To facilitate this, shard ranges are both 'pushed' and 'pulled' during replication, prior to any attempt to replicate objects. This means that the node initiating replication learns about shard ranges from the destination node early during the replication process and is able to skip object replication if it discovers that it has shard ranges and is able to shard.

Note

When the destination DB for container replication is missing then the 'complete_rsync' replication mechanism is still used and in this case only both object records and shard range records are copied to the destination node.

Container deletion

Sharded containers may be deleted by a DELETE request just like an unsharded container. A sharded container must be empty before it can be deleted which implies that all of its shard containers must have reported that they are empty.
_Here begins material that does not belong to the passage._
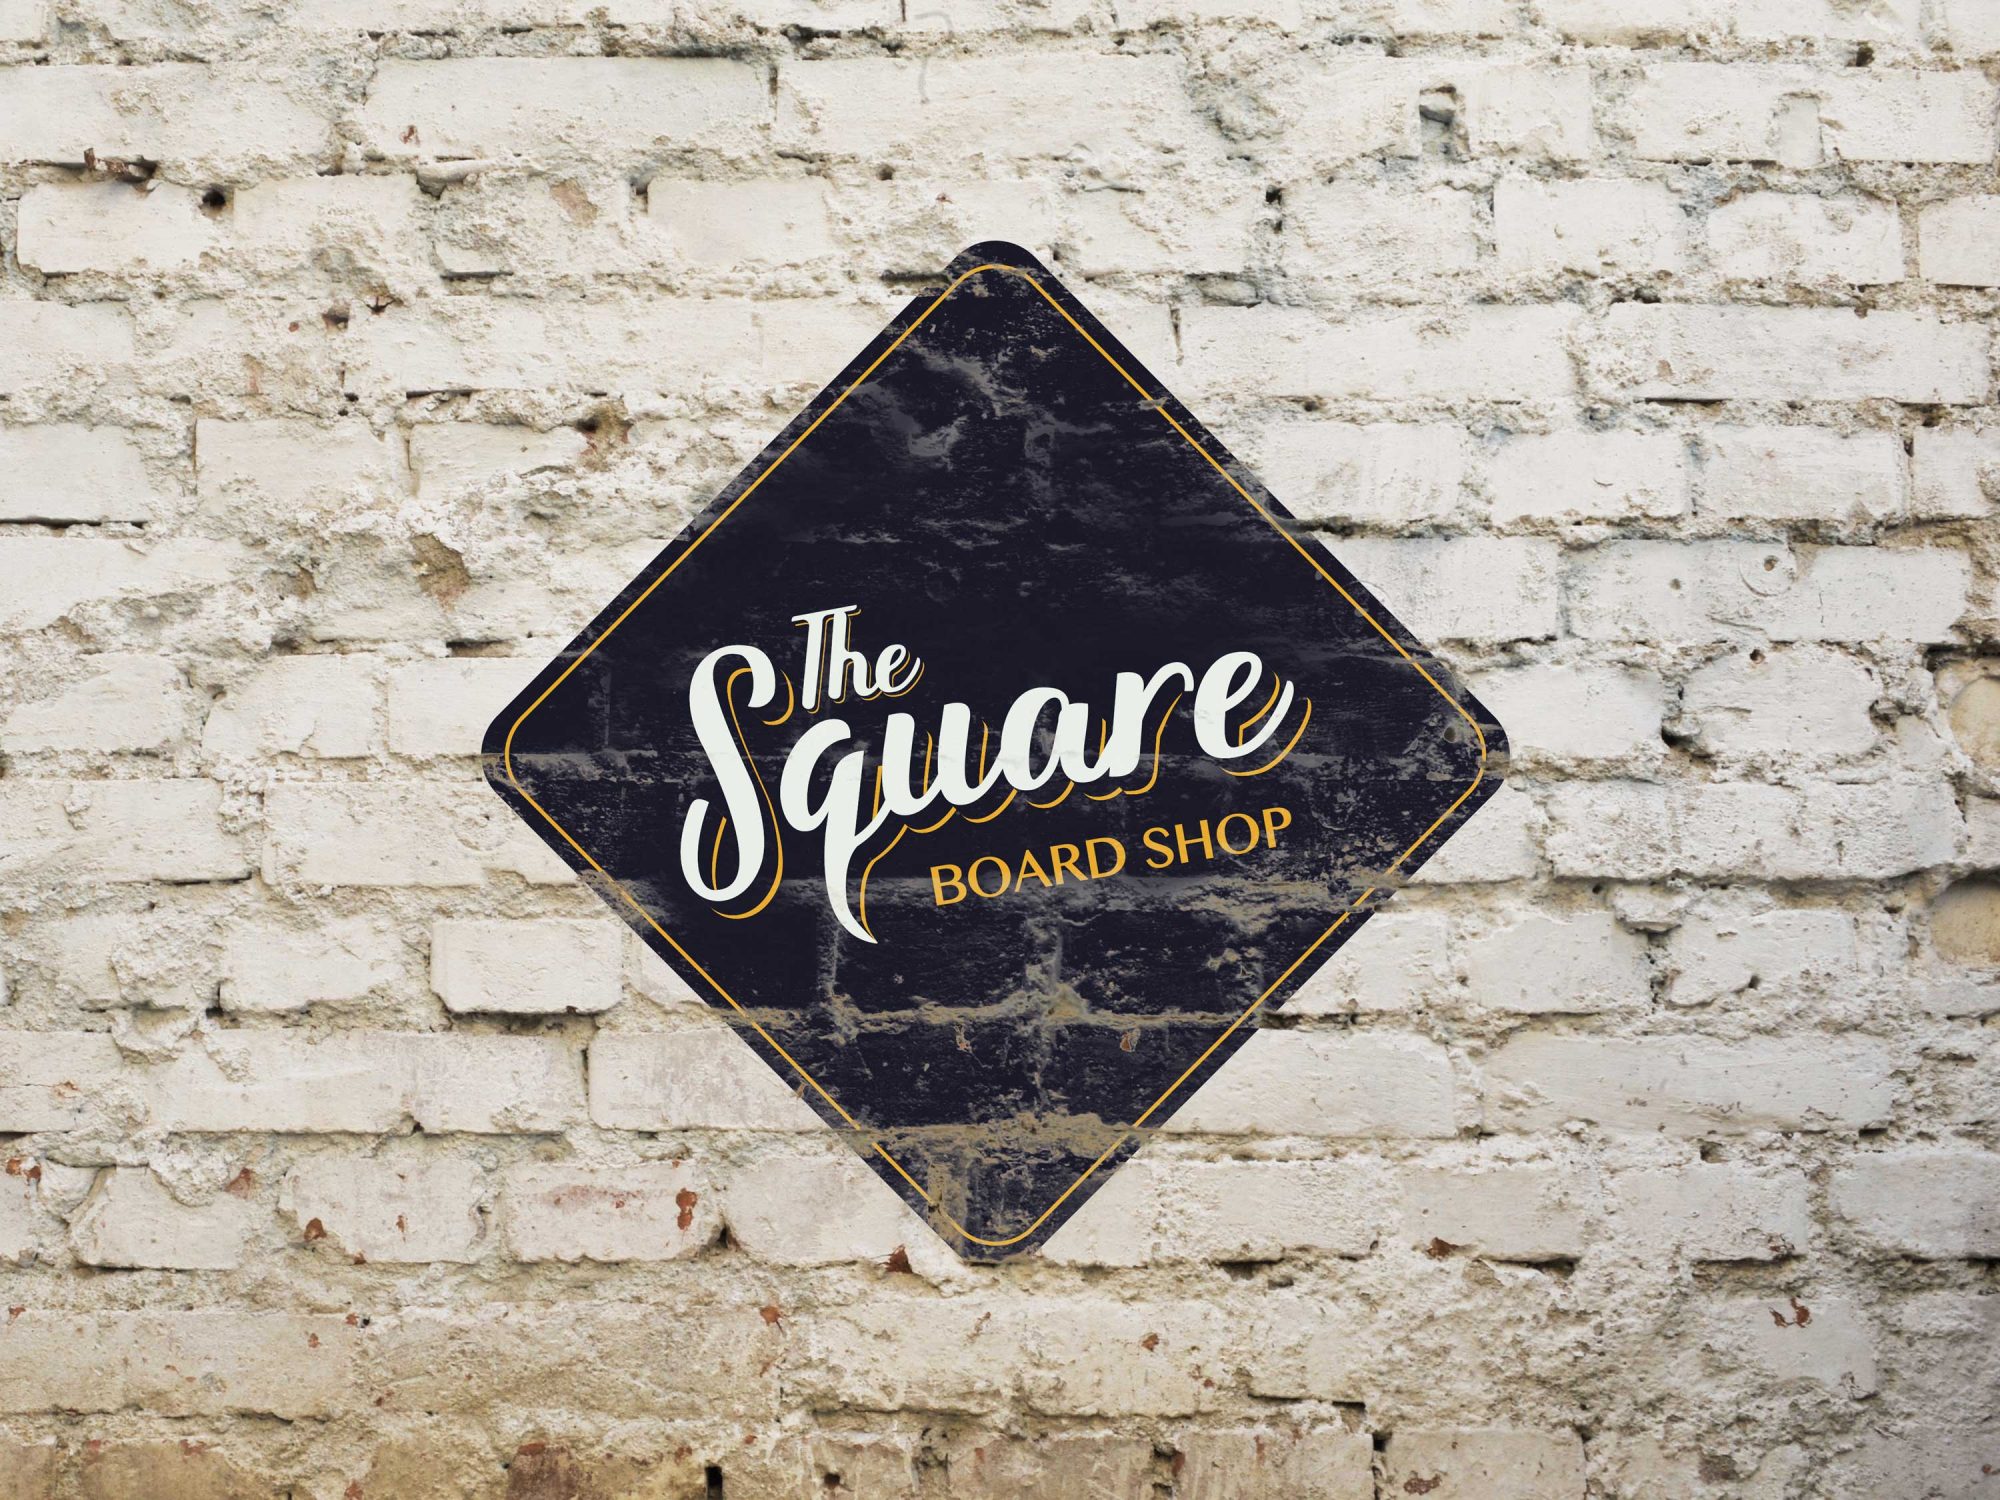 The Square Board Shop

Shard containers are not immediately deleted when their root container is deleted; the shard containers remain undeleted so that they are able to continue to receive object updates that might arrive after the root container has been deleted. Shard containers continue to update their deleted root container with their object stats. If a shard container does receive object updates that cause it to no longer be empty then the root container will no longer be considered deleted once that shard container sends an object stats update.

Sharding a shard container

A shard container may grow to a size that requires it to be sharded. swift-manage-shard-ranges may be used to identify shard ranges within a shard container and enable sharding in the same way as for a root container. When a shard is sharding it notifies the root container of its shard ranges so that the root container can start to redirect object updates to the new 'sub-shards'. When the shard has completed sharding the root is aware of all the new sub-shards and the sharding shard deletes its shard range record in the root container shard ranges table. At this point the root container is aware of all the new sub-shards which collectively cover the namespace of the now-deleted shard.

There is no hierarchy of shards beyond the root container and its immediate shards. When a shard shards, its sub-shards are effectively re-parented with the root container.

Shrinking a shard container

A shard container's contents may reduce to a point where the shard container is no longer required. If this happens then the shard container may be shrunk into another shard range. Shrinking is achieved in a similar way to sharding: an 'acceptor' shard range is written to the shrinking shard container's shard ranges table; unlike sharding, where shard ranges each cover a subset of the sharding container's namespace, the acceptor shard range is a superset of the shrinking shard range.

Once given an acceptor shard range the shrinking shard will cleave itself to its acceptor, and then delete itself from the root container shard ranges table.